The anniversary re-engagement email below has a fun design and indicates that the sender cares about the consumer.
4) Jack threads
Jack Thread’s email list seems like entering a beautiful kids club, particularly communications that emphasize uniqueness. Their promotional approach also does a fantastic job highlighting the benefits of browsing for their online marketplace, enticing users to begin purchasing from the very first touch. The email layout is visually appealing and informative, with a clear CTA encouraging consumers to order their favorite selections.
5) ModCloth
ModCloth’s email offers a discount as a six months anniversary present. Who would not want to be made to feel particularly special?
They are having very well control over their email database and subscriber’s activity logs. This enables them to send more productive emails at the right time. Their time-sensitive re-engagement emails bring missed visitors back to the website, where they may use their voucher to place an order and return to the list of active consumers.
6) ReturnPath
ReturnPath creates a GIF animated re-engagement email that allows users to precisely choose their preferences, showing that they generally choose your communication choices with two charming drawings and generally corresponding CTA buttons for alternatives—indicating that the return path has explicitly created a new way for you to decide whether or not to stay on the mailing list.
7) Urban Outfitters
In ideal conditions, with the correct promotional spin, comedy can be an incredible sort of successful method to reignite interest in your company in a significant manner.
Urban Outfitter’s re-engagement email is the right combination of humor and emotional appeal. Their re-engagement emails will most likely stand out from their standard marketing emails because of their creative, friendly chat approach to attract and engage users in reading their emails.
8) H&M
H&M devotes a significant amount of effort to promotion and advertising. Discreetly, direct marketing is employed as part of H&M’s campaign.

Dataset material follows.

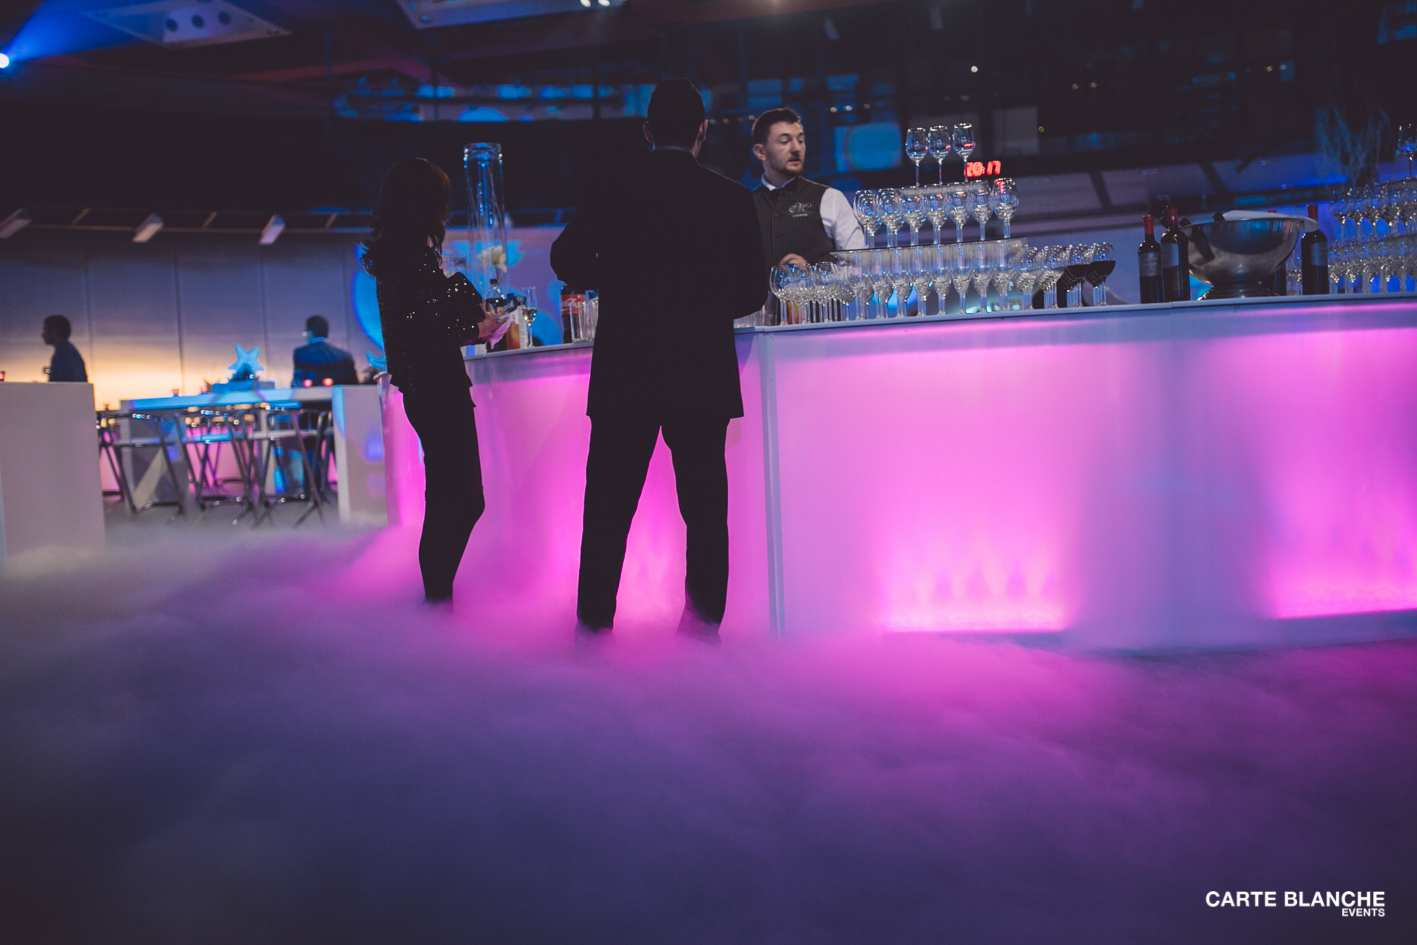 xmas-party-ferrero-2013-partage-rencontre-projet-luxembourg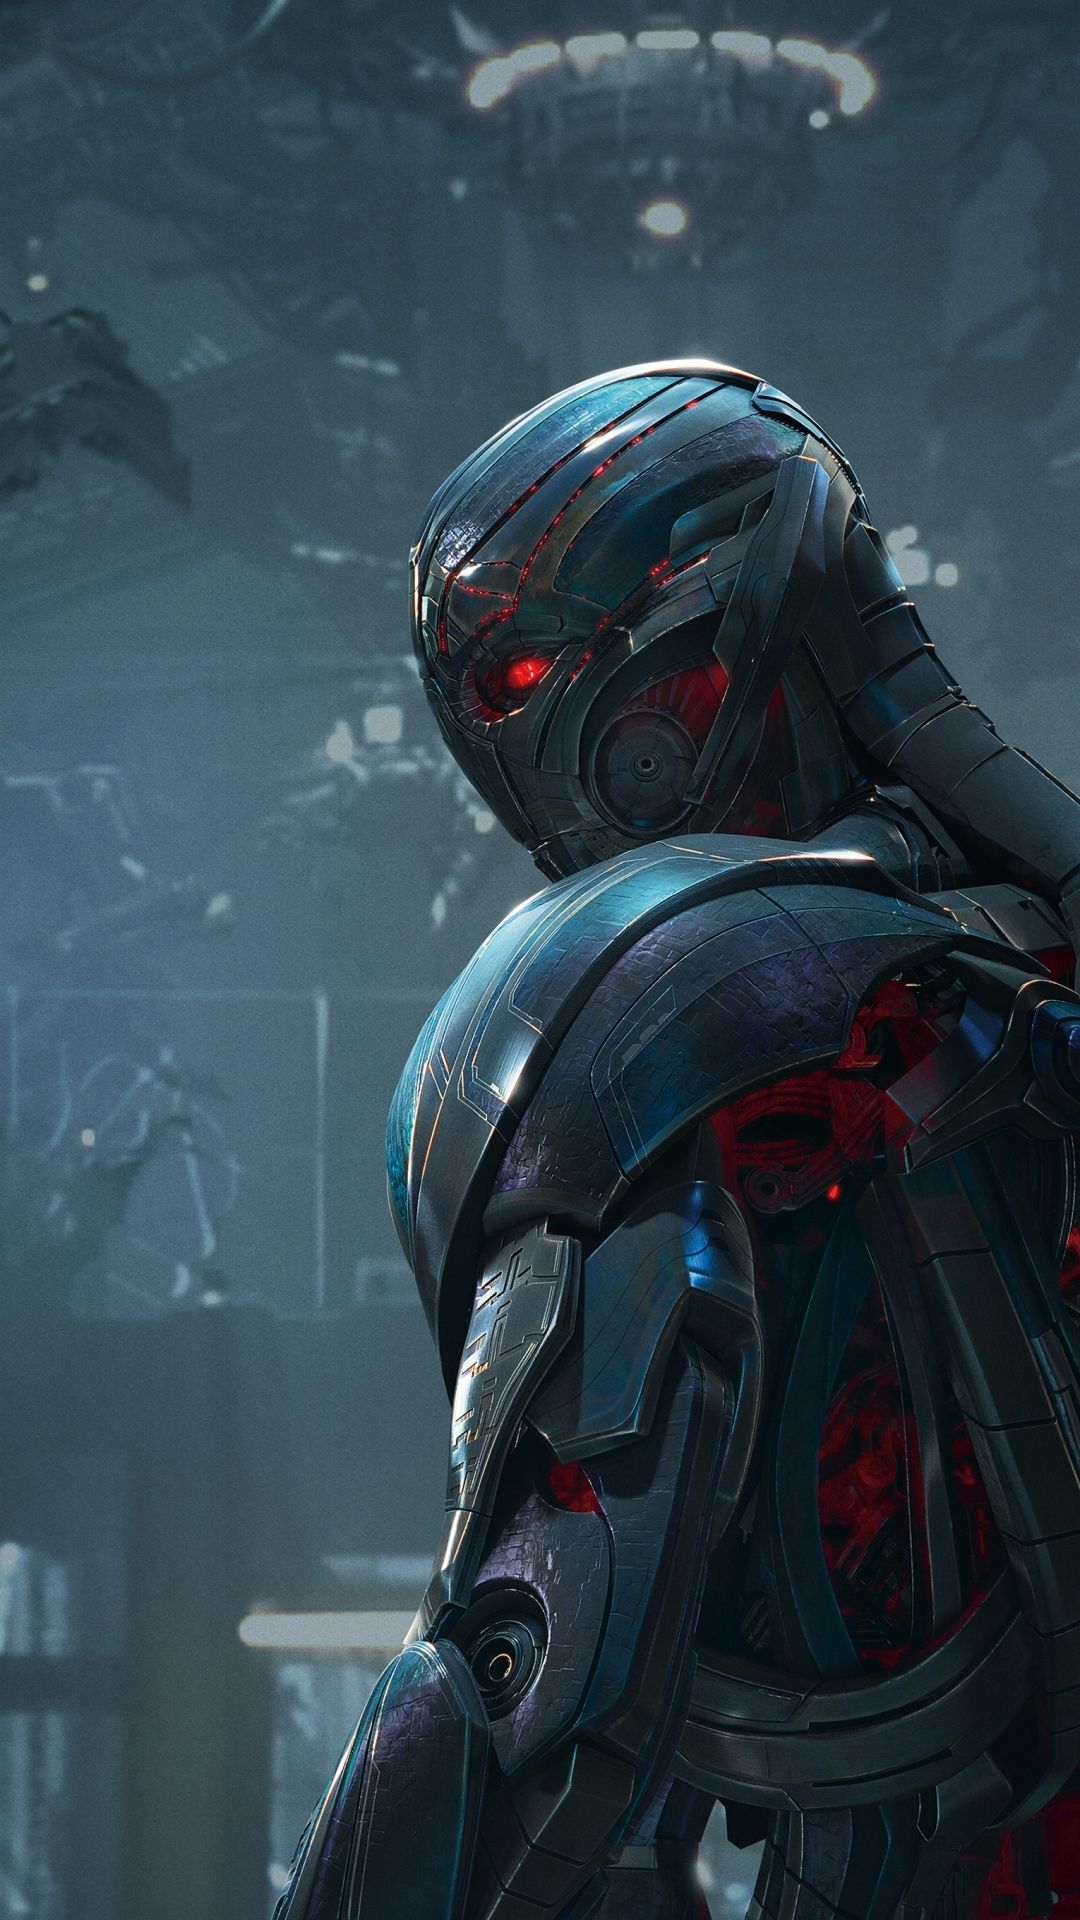 1080x1920 Wallpaper avengers age of ultron, sci-fi, james spader | Wallpapers HD | Pinterest ...

While the lockdown and social distancing during the pandemic, online retail therapy was undoubtedly a source of consolation for people, but nobody turned to H&M.
In this email, the clothes store offers a 15% discount on the next purchase as an incentive to “remain together,” then provides accessible function buttons beneath its message to make it easy for users to utilize.
9) Hotstar
It became more accessible for people to view shows at their leisure rather than being restricted by television broadcast schedules. The platform also boasts nearly the most significant penetration of non-paying users. The streaming service utilizes Christmas nostalgia in this re-engagement email to re-engage idle users.
Delivered during the Christmas season, the platform ingeniously displays some of the famous holiday movies, TV series, and specials it has available, which you can enjoy as well if you revive your membership. It’s a great example of giving suitable material at the right moment.
10) Birchbox
Birchbox’s dual-CTA message is one of the greatest we’ve ever seen. It gives the subscriber choice over their experience without making the email look overly crowded or unfocused. They use attractive visuals to make the template look more eye-catchy and have a clear call to action, asking their subscribers to buy their box and redirecting them to their website.
Conclusion
Re-engaging your idle users can improve or at least help you manage inbox placement rates for your emails. When done well, re-engagement emails can reduce list churn rates and boost incremental engagement. Customer re-engagement is a vital part of customer service. According to an HBS study, even a 5% increase in customer retention may raise your earnings from 25% to 95%, according to one study says of an online marketing agency.